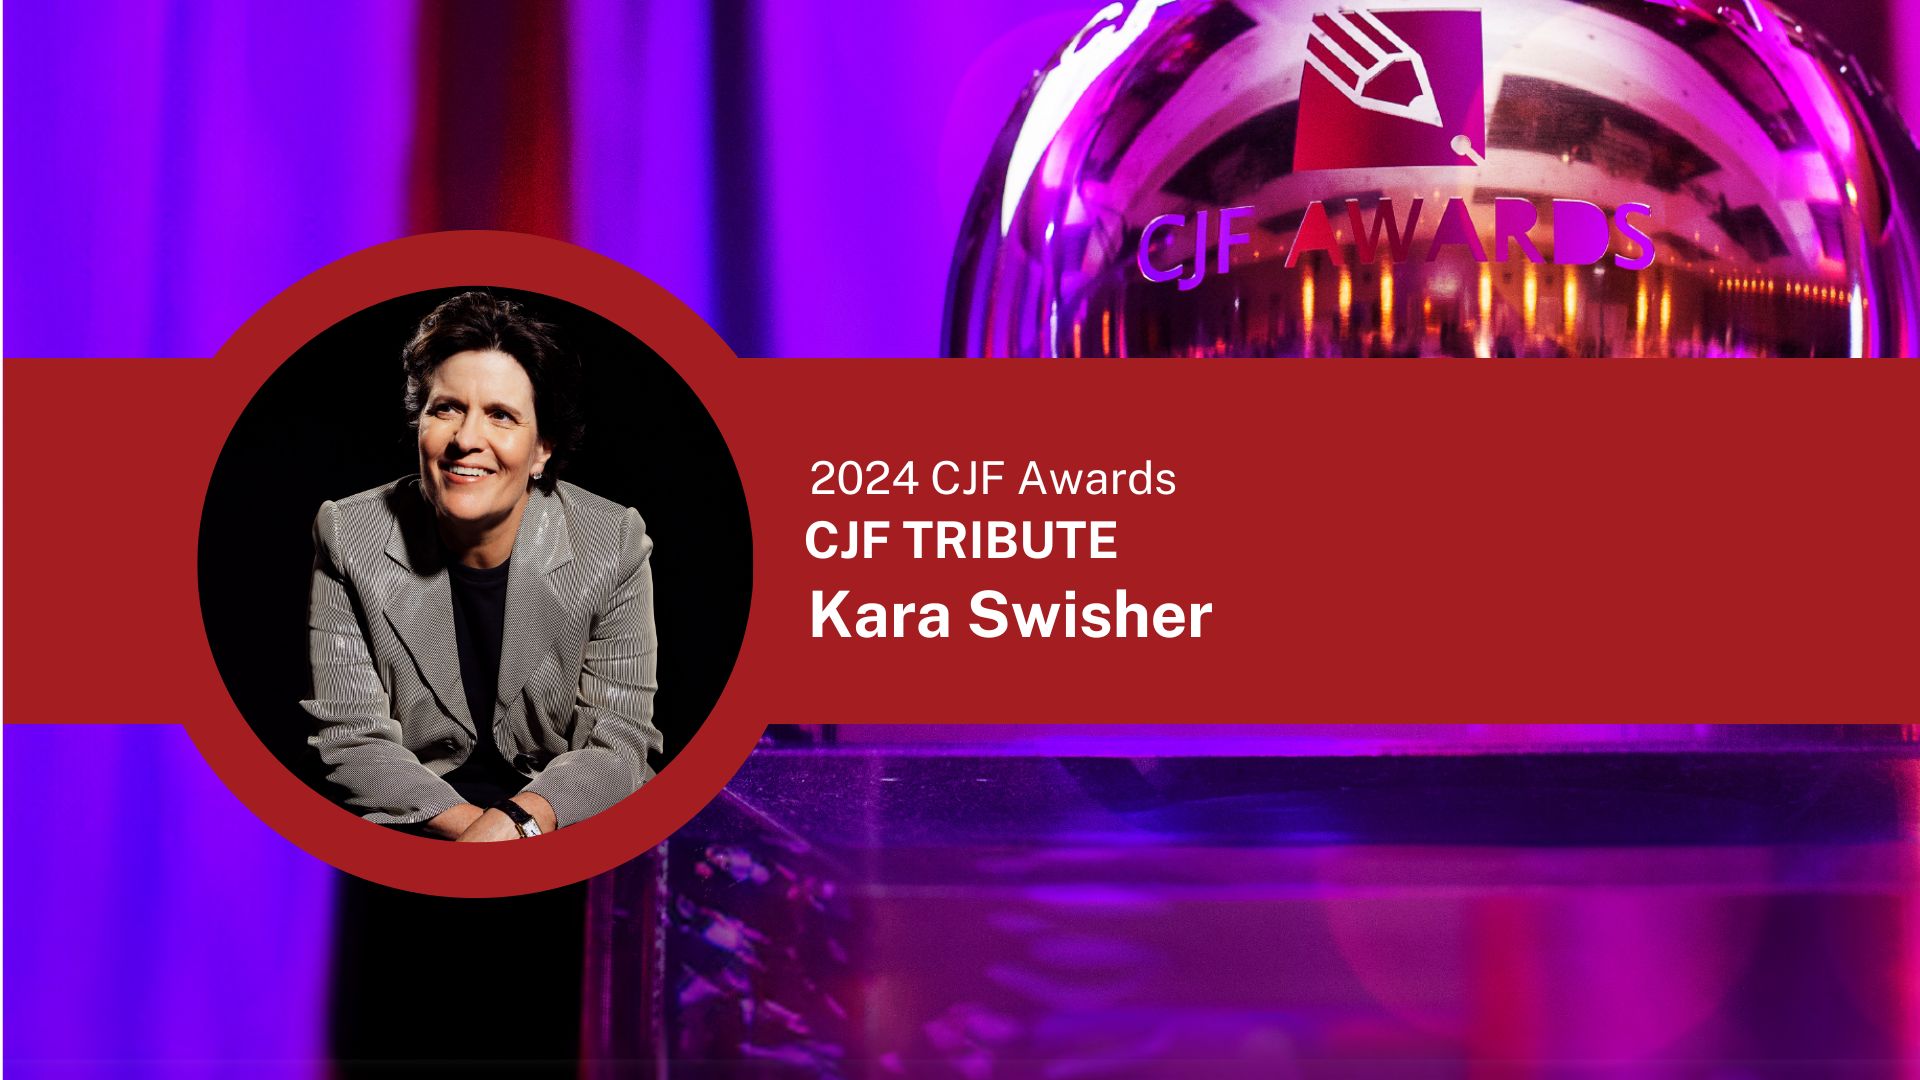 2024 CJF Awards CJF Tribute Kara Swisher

--

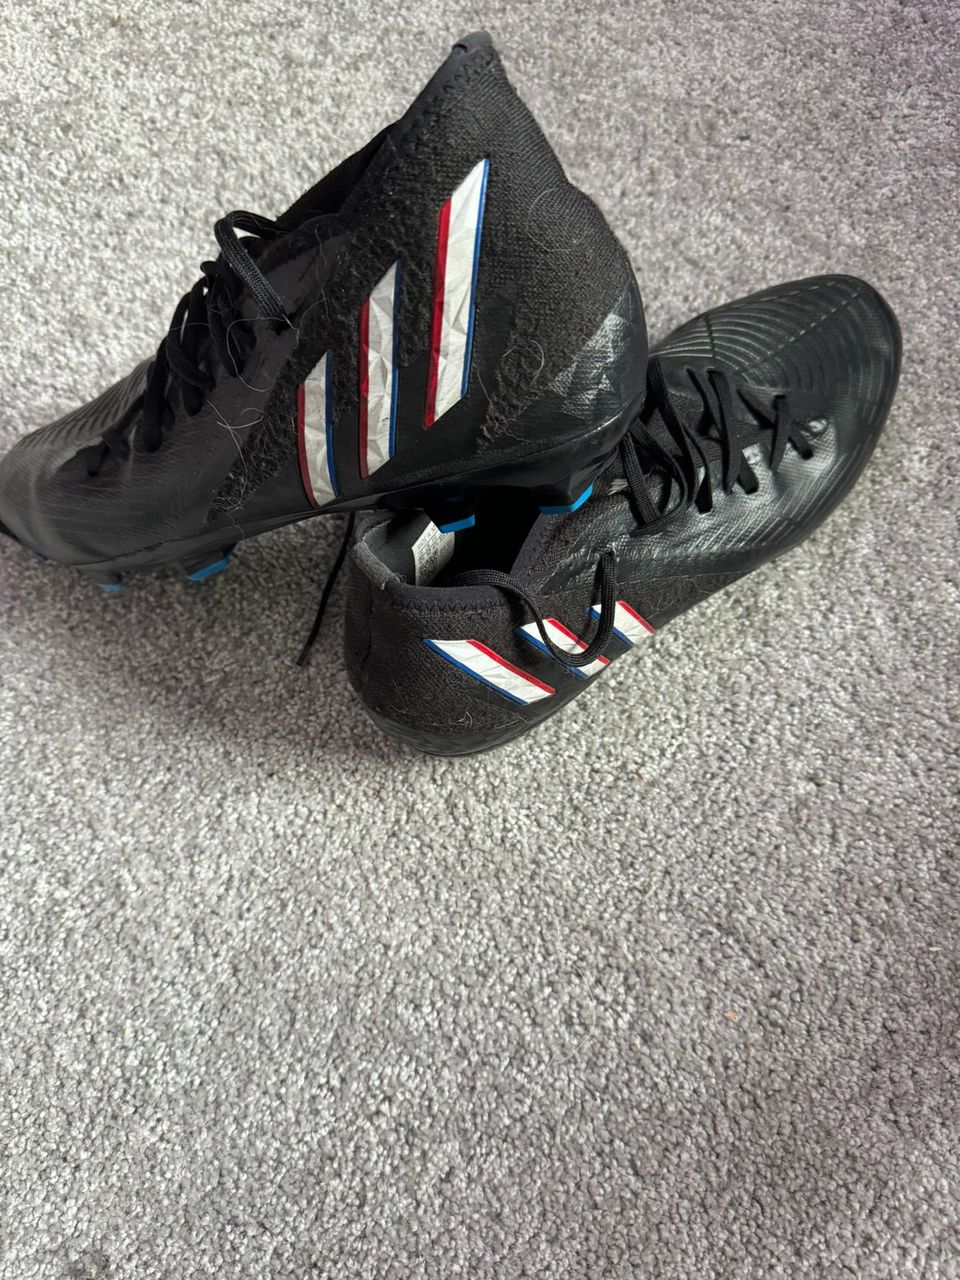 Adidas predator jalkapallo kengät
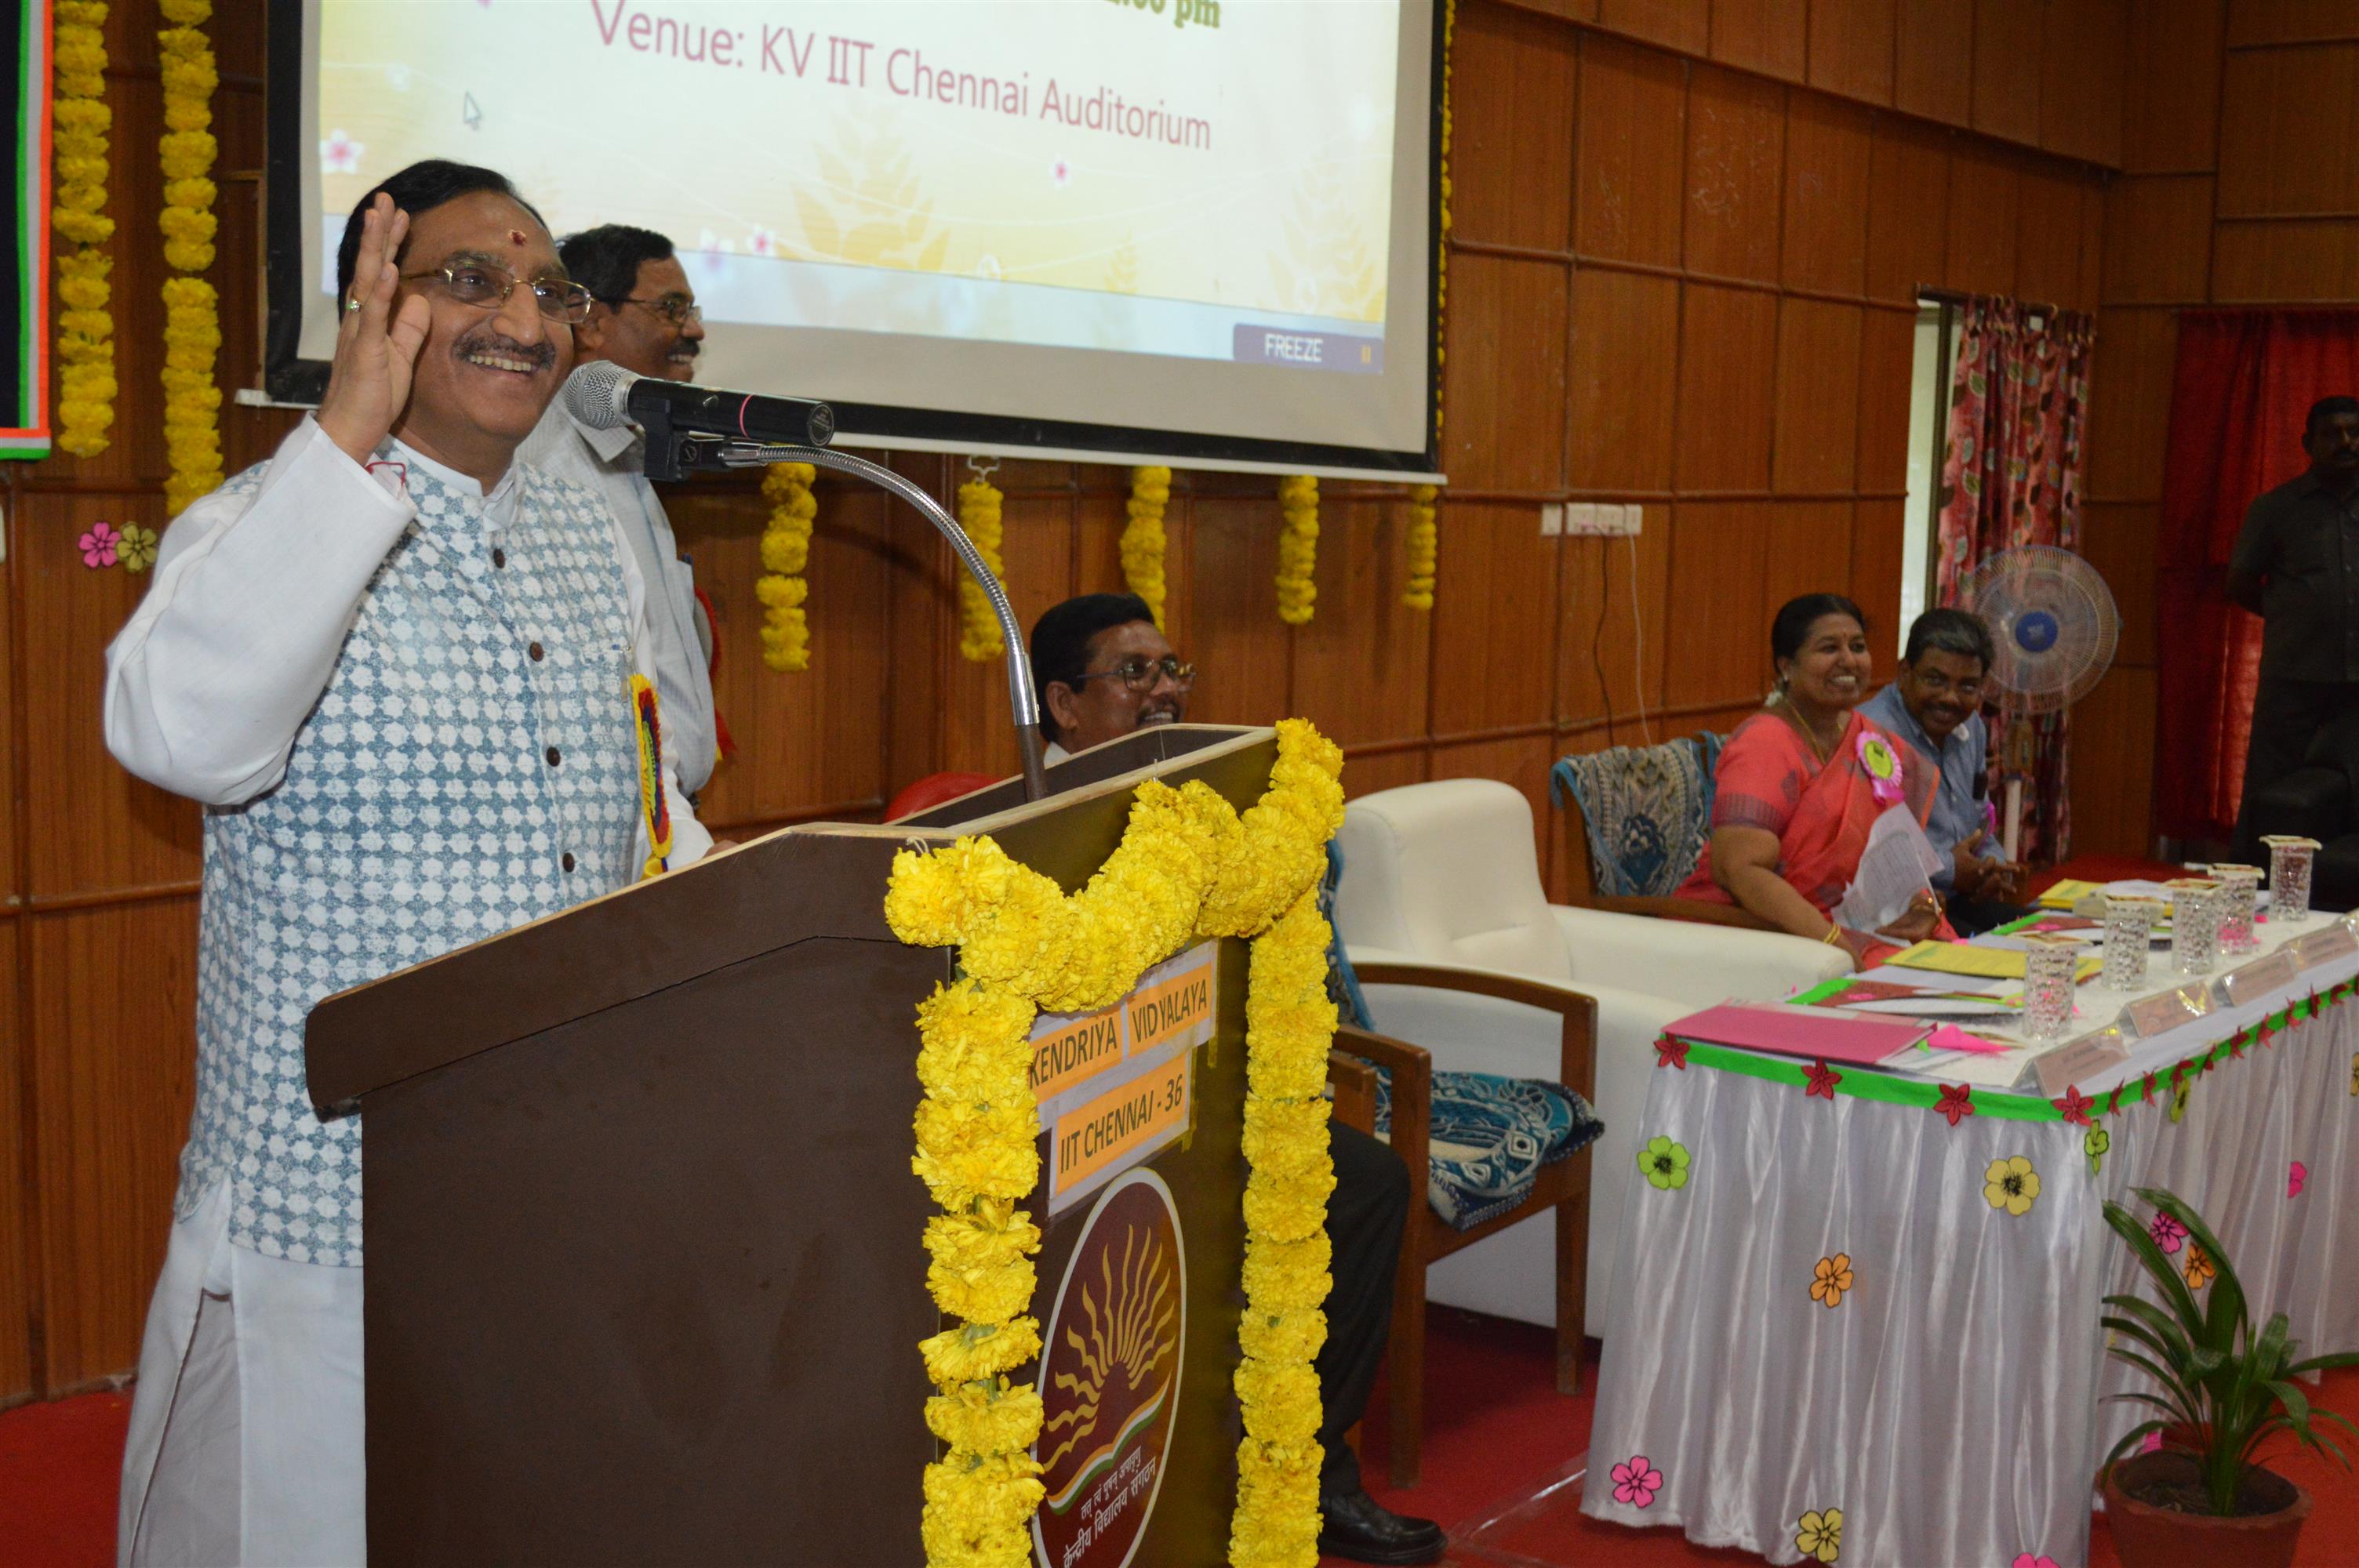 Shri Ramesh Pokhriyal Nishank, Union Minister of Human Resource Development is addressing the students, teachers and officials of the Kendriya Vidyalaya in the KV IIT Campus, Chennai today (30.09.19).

» **Activity**: Working from the records above, set down word for word everything from the line containing "Adidas predator jalkapallo kengät" down to the line containing "Shri Ramesh Pokhriyal", ends included, minus the pictures.

» **Finished task**:
 Adidas predator jalkapallo kengät
 Shri Ramesh Pokhriyal Nishank, Union Minister of Human Resource Development is addressing the students, teachers and officials of the Kendriya Vidyalaya in the KV IIT Campus, Chennai today (30.09.19).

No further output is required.